Felix has a record year

FELIX Resources has increased its net profit after tax by 42% for the recent financial year, and ...

Blair Price
Felix has a record year

Felix said 2008-09 was its most profitable year by far, with NPAT of $267.6 million achieved during a period of extreme market volatility.

Reflecting the 2008 boom prices for coal, revenue increased 67.2% year-on-year to $755.6 million while the Australian producer’s share of coal sales from its portfolio of mines was up 3% year-on-year to a record 4.7 million tonnes.

Updating the prospective 13Mt per annum Moolarben project in the Hunter Valley of New South Wales, Felix said construction was on schedule with bulk earthworks nearing completion.

With the foundations for the coal handling and preparation plant at a well-advanced stage, steel erection will start in September.

More than 200 personnel are onsite and mining equipment is being assembled and commissioned to start overburden removal in early October.

The mine management team has been recruited and interviewing for mine plant operators has started.

The company estimated that 1000 contractors were working offsite on the design and fabrication of the CHPP.

First coal is still expected to be loaded for export in March next year with the completion of Newcastle Coal Infrastructure Group’s new coal terminal at Newcastle.

Felix said the contracted export tonnage for Moolarben was now 3.43Mtpa but it expected some take-up for additional tonnage on spot markets for north Asian, Chinese and Indian power stations.

Stage 2 development approvals are being sought, which will give the operation an extra longwall mine and an open cut, taking the total to two longwall mines and four open cuts.

“It is expected to receive development consent and mining leases for stage 2 within this year,” Felix said.

“This will allow Moolarben to be taken up to 13 million tonnes per annum of product coal for export and domestic markets.

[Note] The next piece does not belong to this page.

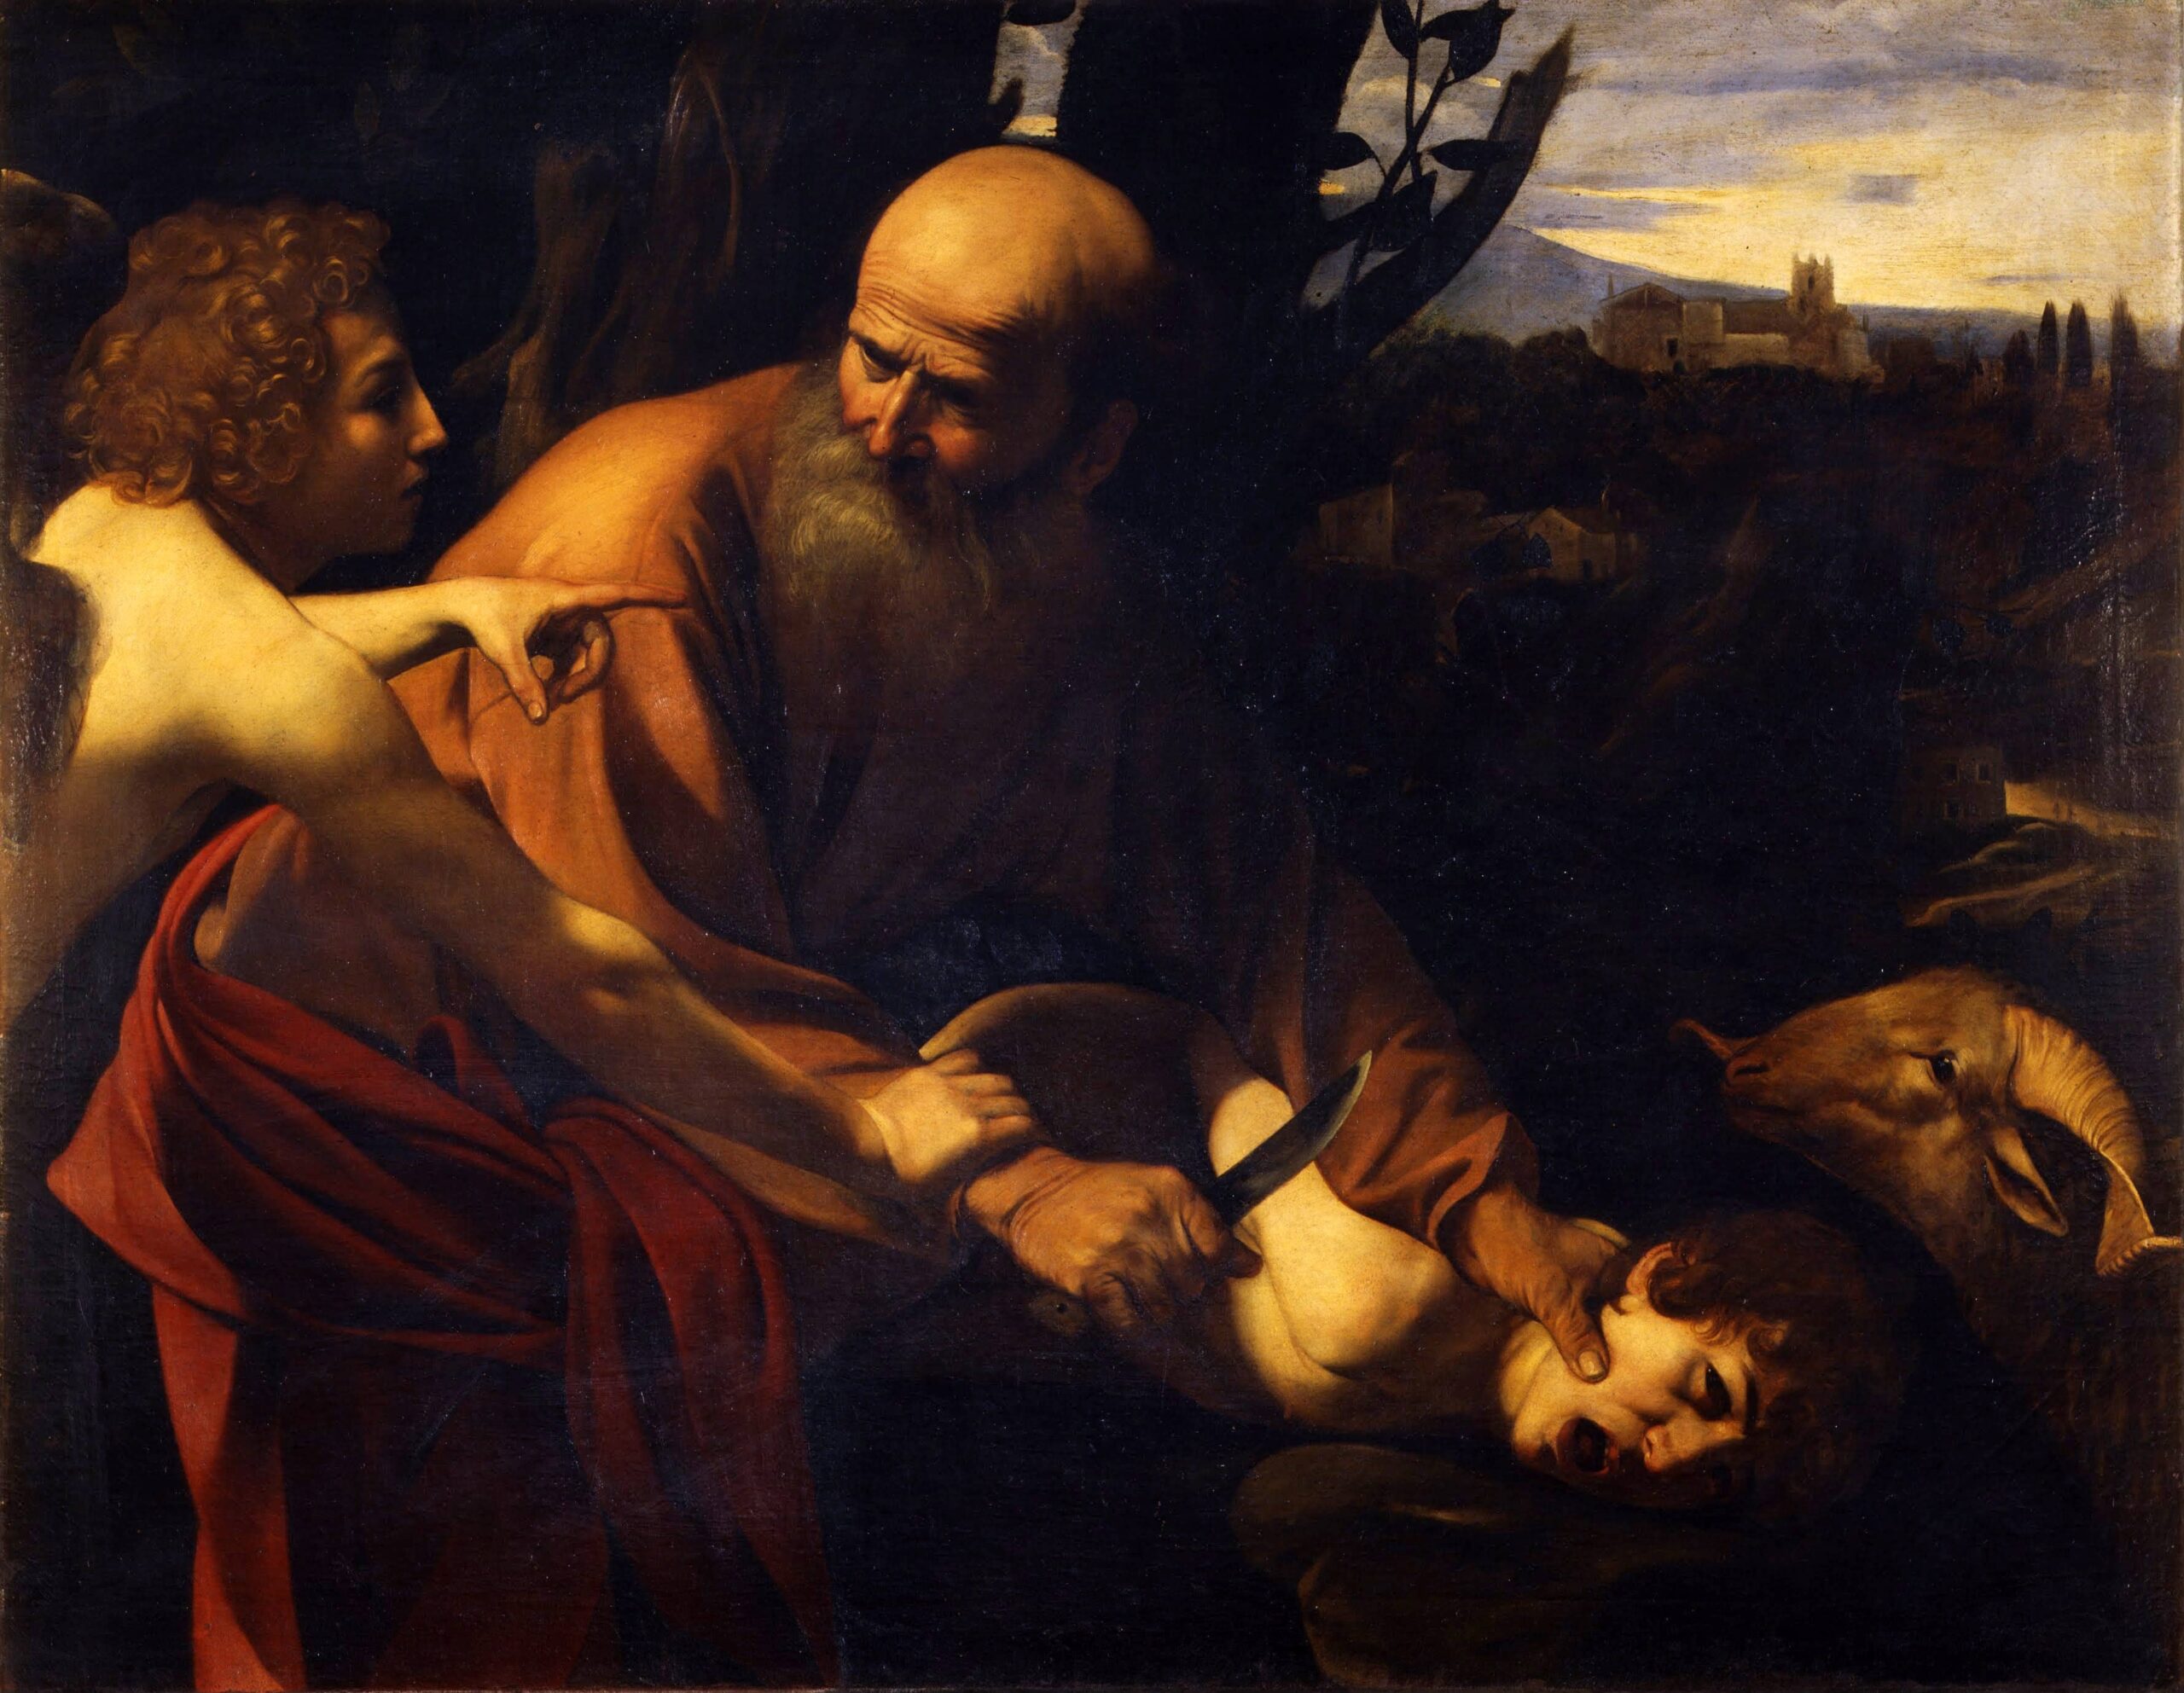 By Caravaggio, 1603, Uffizi, Florence

At this level, approximately 8.8 million tonnes per annum will come from open cut mining and 4-4.2 million tonnes per annum from underground mining.”

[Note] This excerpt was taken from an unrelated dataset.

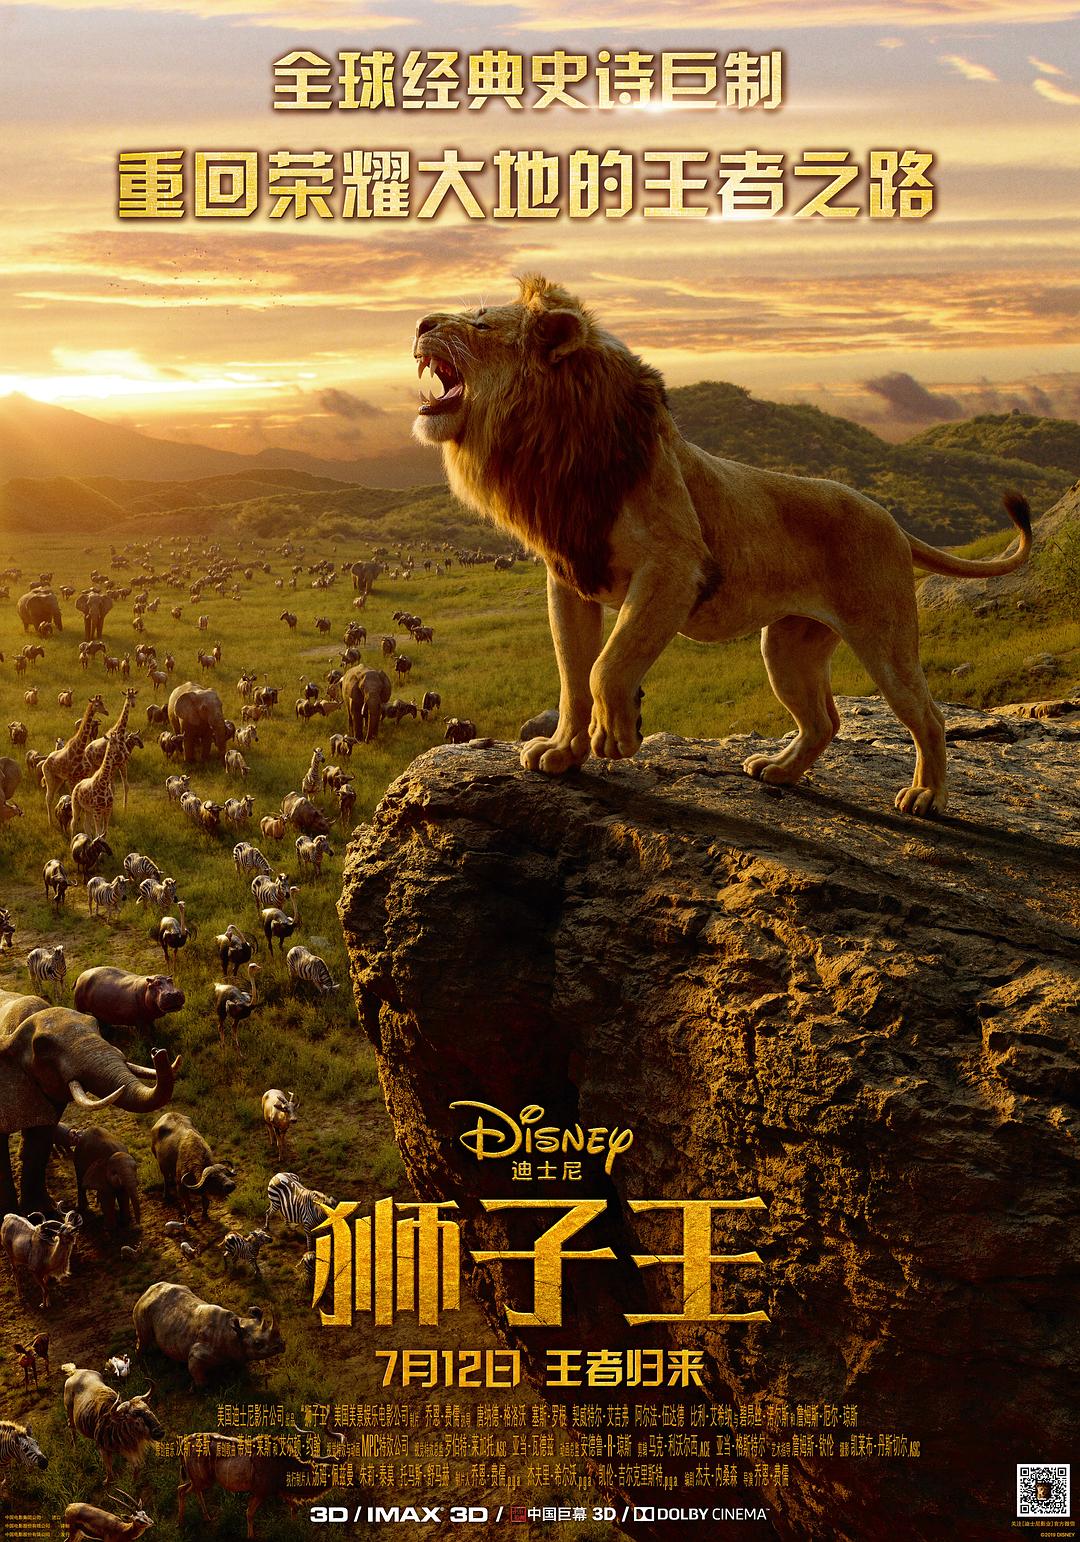 狮子王/狮子王真人版 The.Lion.King.2019.1080p.BluRay.REMUX.AVC.DTS-HD.MA.TrueHD.7.1.Atmos-FGT 33.22GB-1.png

Felix owns 80% of Moolarben.

In the financial year, Felix’s 60%-owned Ashton open cut and longwall operation achieved 3.14Mt of coal sales.

The steel market slump reduced shipments of metallurgical coal from both Ashton and Felix’s wholly owned Yarrabee mine in Queensland, but demand returned to normal by May, with deals made to customers in Japan, Korea, Taiwan, China and India.

Felix said most customers agreed to carry over the tonnage not taken last year at the higher contract price.

Felix also made its first sales of Ashton coking coal into China and India in recent months.

At Yarrabee, Felix made 1.6Mt of coal sales while exploration yielded “significant coal intersections” south and east of the mine.

Improving pulverised coal injection coal sales, if maintained, have Felix expecting to keep its current expansion plans for the mine.

Felix aims to lift the JORC resources of the mine, while planning is underway to target 2.8Mtpa of production for a life of 20 to 30 years.

The company’s 51%-owned Minerva open cut mine in Queensland had 2.5Mt of coal sales for the recent financial year.

Felix said exploration at Minerva had uncovered a number of coal-bearing areas surrounding the mine, including a large underground resource at Athena to the north.

Drawing from current cash at bank of around $320 million, Felix’s board has declared a fully franked dividend of 50c per share payable on October 30 with the record date being October 15.

Another dividend of the same amount will be paid if Yanzhou Coal Mining’s $16.95 per share takeover of Felix is completed.

Felix’s board has approved the multi-billion dollar takeover but the transaction depends on a variety of approvals, with Felix expecting the deal to be complete by late December.

Shares in Felix are up 2c to $17.37 this morning.